5. Lee, Y., Callaghan, M. F., Acosta-Cabronero, J., Lutti, A. & Nagy, Z. Establishing intra- and inter-vendor reproducibility of T1 relaxation time measurements with 3T MRI. Magn. Reson. Med. 81, 454–465 (2019).

6. Karakuzu, A., Biswas, L., Cohen-Adad, J. & Stikov, N. Vendor-neutral sequences and fully transparent workflows improve inter-vendor reproducibility of quantitative MRI. Magn. Reson. Med. 88, 1212–1228 (2022).

7. Karakuzu, A. et al. qMRI-BIDS: An extension to the brain imaging data structure for quantitative magnetic resonance imaging data. Sci Data 9, 517 (2022).

Figures

Figure-1 Vendor-native and VENUS protocols for original vs post-upgrade data collection.

Figure-2 Phantom results. (a) T1 values calculated at each reference sphere (R1-R10, from 0.09 to 1.99s) for vendor-native (orange circles) vs VENUS (blue squares) measurements before and after the upgrade (indicated by X within the markers) at the same transit reference voltage, and vendor-native T1 measurements calculated at the post-upgrade reference voltage (triangle-down, black). (b) Percentage measurement errors associated with the T1 measurements shown in the panel (a).
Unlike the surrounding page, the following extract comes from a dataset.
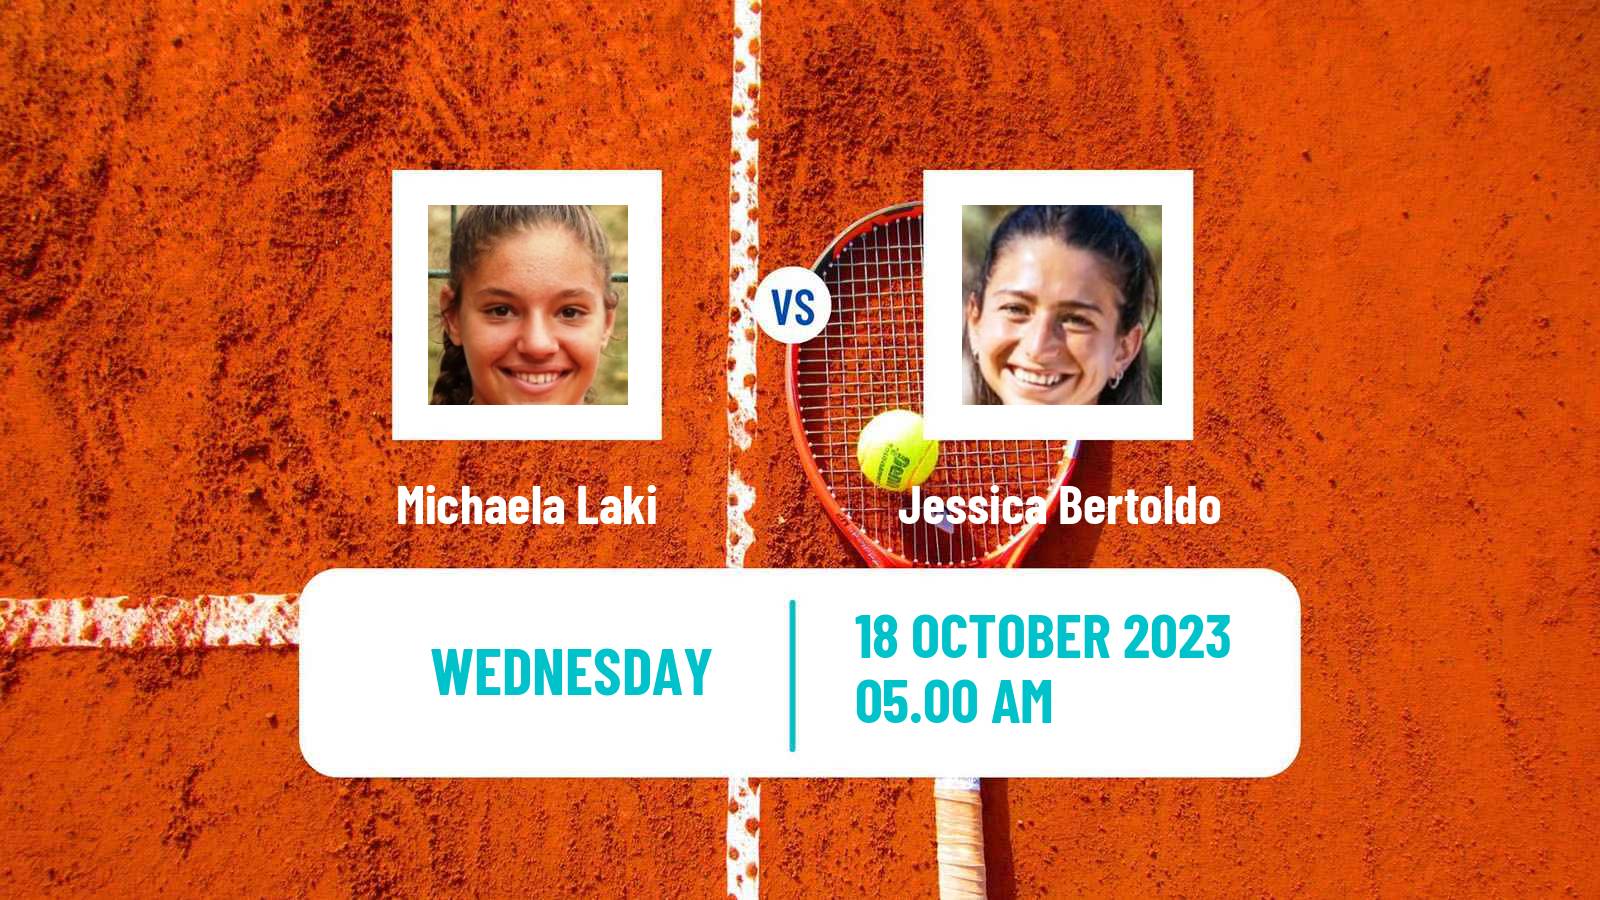 Tennis ITF W15 Heraklion 3 Women Michaela Laki - Jessica Bertoldo
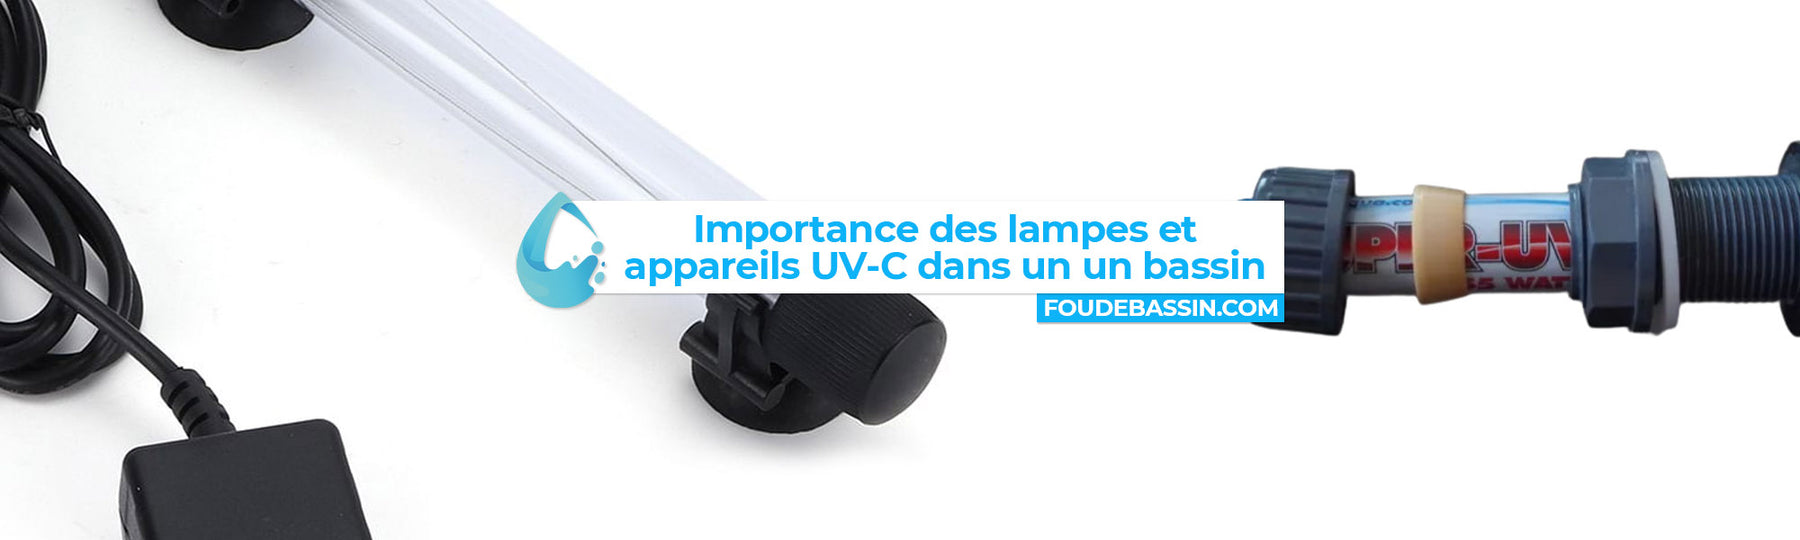 Importance des lampes et appareils UV-C dans un bassin

Figure-3 Original (white outlines) versus post-upgrade (green outlines) in-vivo measurements performed using vendor-native (blue) and VENUS (orange) qMRI workflows. Comparisons are presented in one axial slice (top row), and using overlaid ridgeline kernel density plots in white (middle row) and gray matter (bottom row) for (a-c) T1, (d-f) MTR, and (g-i) MTsat maps. Distribution means are shown by vertical dashed lines.

Figure-4 Summary of post-upgrade changes to the vendor-native qMRI workflow from the perspective of MRI technologists. The upgrade introduces a new data export convention (top), scan control user interface (middle) and provides brief information about the changes made to the original protocol (bottom left). Other changes that may affect qMRI parameters had to be inferred independently, such as the prescan options (bottom, right). On the other hand, neither of these aspects has changed for VENUS.